Stella McCartney - Fall-Winter2020 - Womenswear - Paris - © PixelFormula



Perhaps more relevant was the fact that the firm said its business was “materially impacted” by the Covid-19 outbreak in early 2020 and it expects the recovery in its sales levels over the medium term to be “gradual”. This is particularly disappointing given that prior to the outbreak, it said it was making “good progress” in delivering against its strategy.

It added that its digital sales performance has been good in the past year and it has continued to operate in all markets without interruption because of that. But online sales can't fully offset the decrease in demand seen during the period that physical shops were closed. This time next year we should perhaps expect a bigger sales drop and wider losses, although the company hasn’t said as much.

It doesn’t seem to think Brexit will be an issue going forward, saying less than 5% of its global revenue occurs through its physical stores depending on cross-border movement of goods to the UK. Additionally the vast majority of its goods are made within the EU or the UK so will benefit from the tariff and quota-free deal struck as part of the UK’s EU exit.

And it’s clear that it has sufficient funds to get through the crisis period, based on the commitment from its parent company, Anin Star Holding Limited, to continue to make the money it needs available.

That parent company took full control during the financial year being reported on as part of the deal announced in spring 2018 for Stella McCartney to buy the remaining 50% of Stella McCartney Limited shares from Kering that she didn’t already own. The transaction completed in July 2019 with Anin Star, of which McCartney owned 100% at the time, acquiring all of the shares. Since then, a subsidiary of LVMH has acquired 49% of the parent firm.

So what actually happened in the 2019 financial year? The company saw sales falling to £38.19 million, from £42.59 million a year earlier. The 10% decline compared with a 0.2% increase in the previous 12 months.
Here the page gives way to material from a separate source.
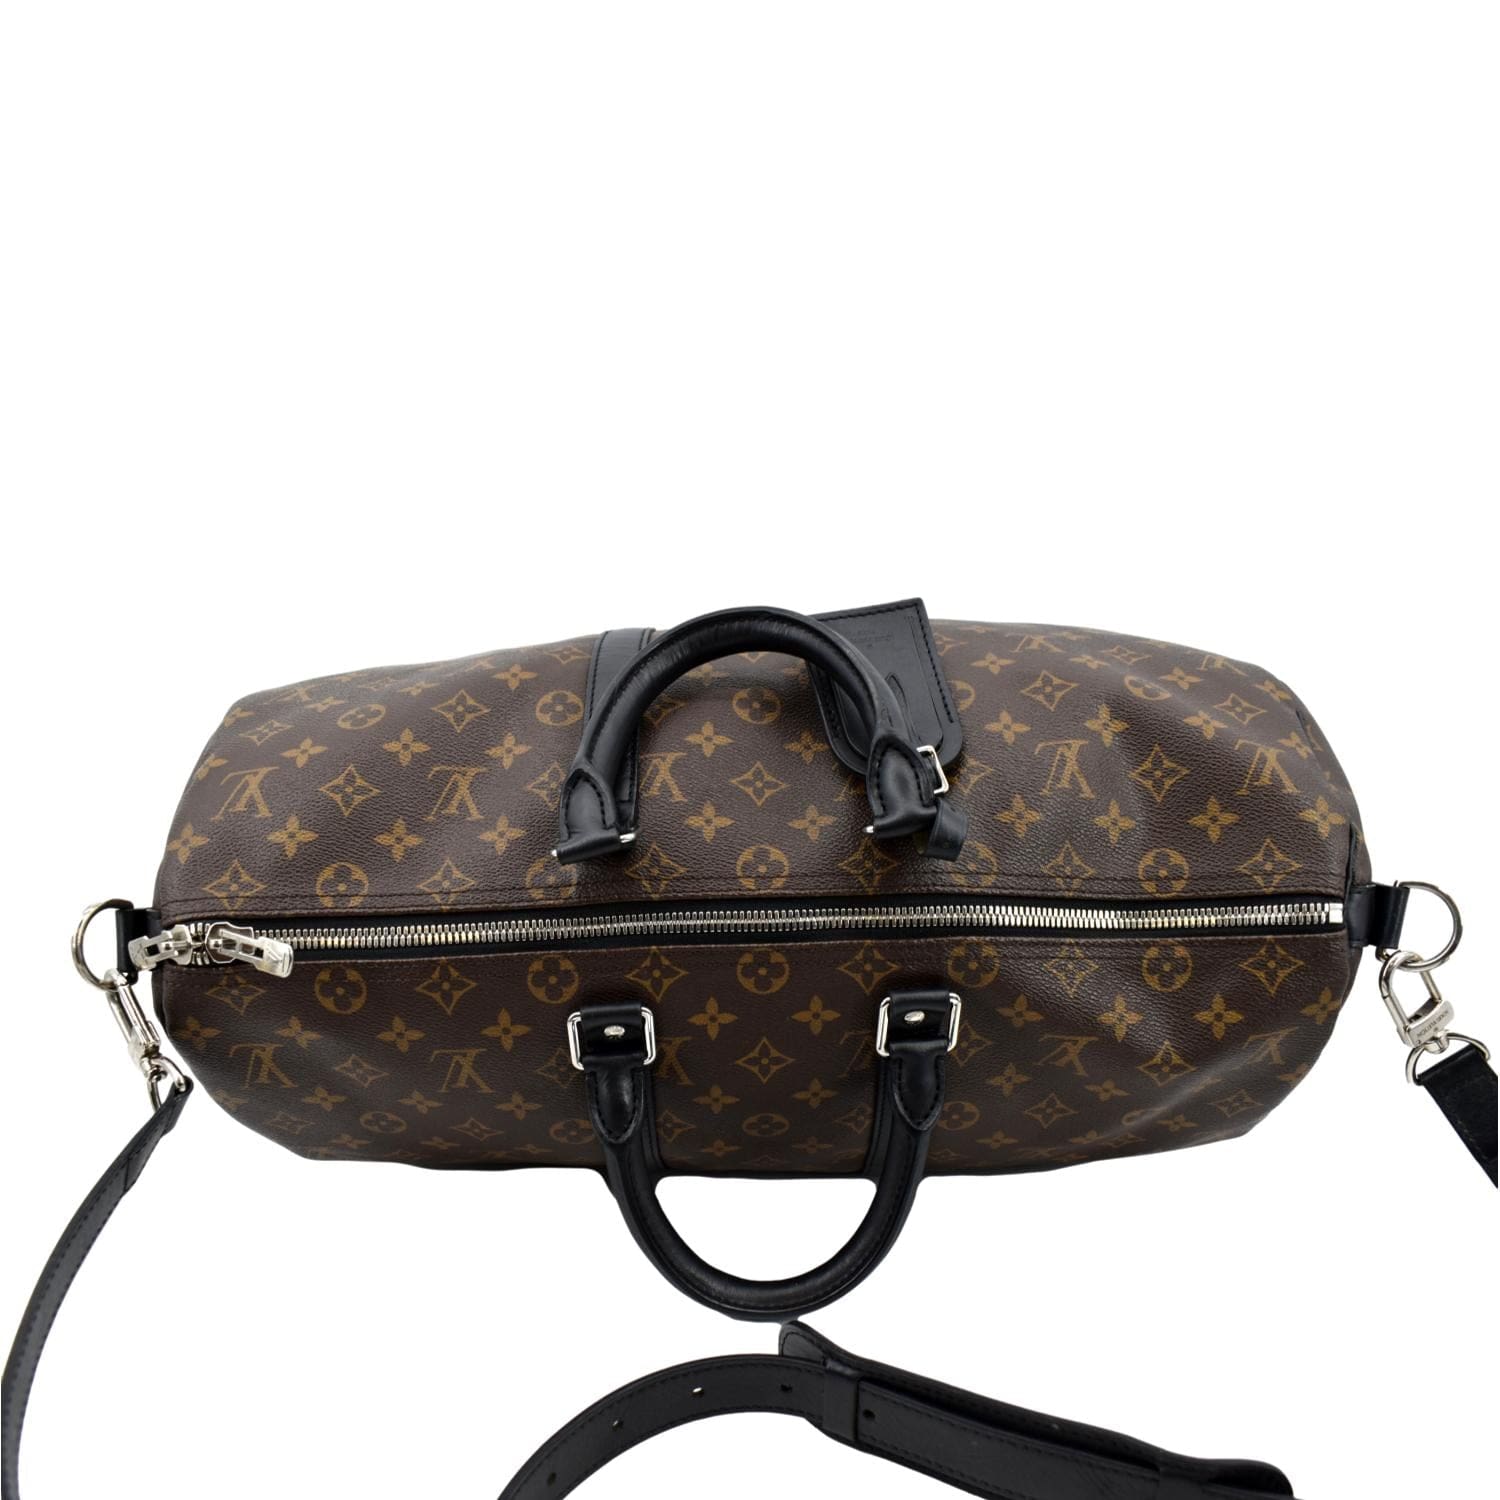 Louis Vuitton Keepall Bandouliere 45 Monogram Macassar without Luggage Tag  - SOLD
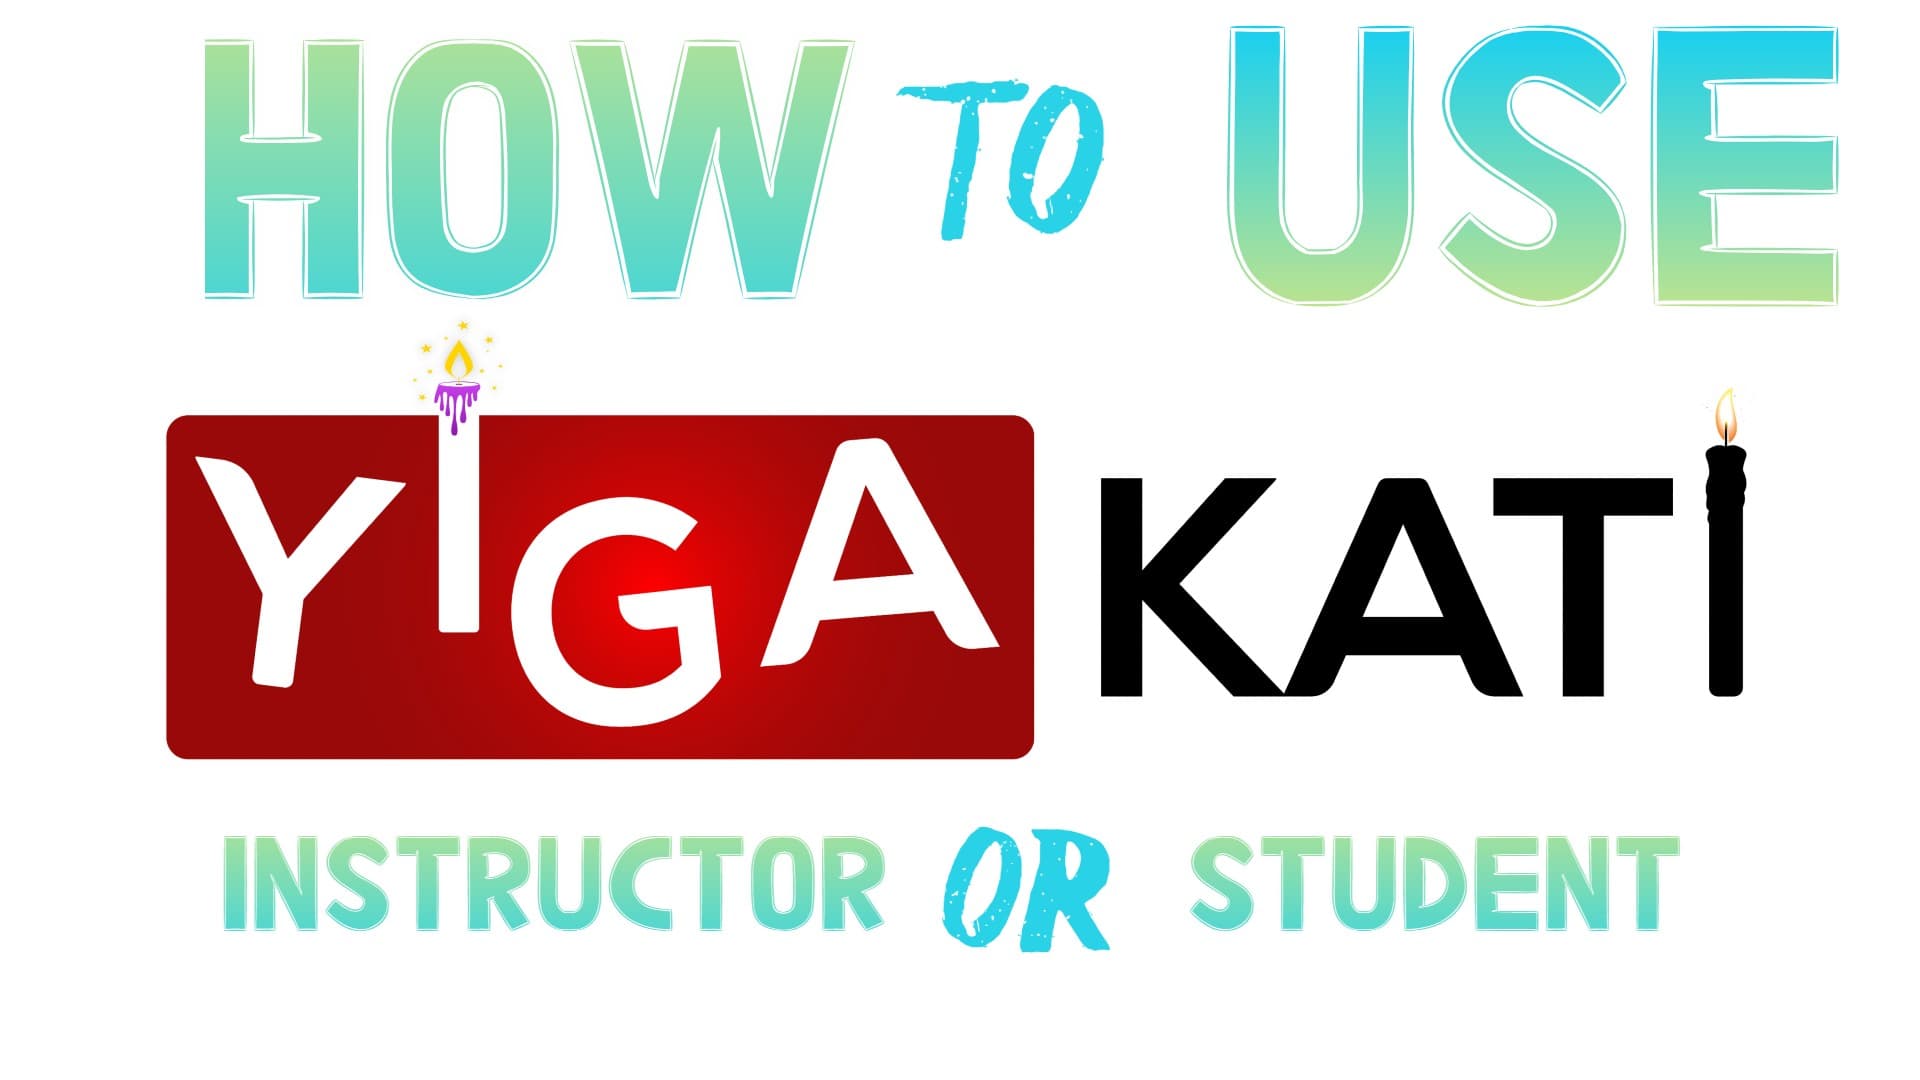 How to create a tutors Account, create and publish course on Yigakati.

And it saw a pre-tax and post-tax loss of £31.92 million compared to a £10.88 million pre-tax loss and £10.98 million post-tax deficit in the previous year.

It's perhaps unsurprising that this happened given that 2019 saw a “substantial” increase in the cost of sales and administrative expenses. And it being the year in which its ownership change completed is likely to have had an impact.

In fact, the change of ownership changed the company’s revenue model. Until 2018, it had received royalties on wholesale sales from fellow group companies. But from 2019, this has been replaced by an arrangement between Stella McCartney Ltd and Stella McCartney Italia SRL to share residual profits or losses between the two entities.

It looks like we may have to wait until next year to get a clearer picture of what's happening, although as mentioned, that will also include the full impact of the pandemic so will be somewhat skewed. Hopefully, by the time those results are released, the company will also have plenty of more upbeat news to share about 2021 trading and the post-pandemic recovery later this year.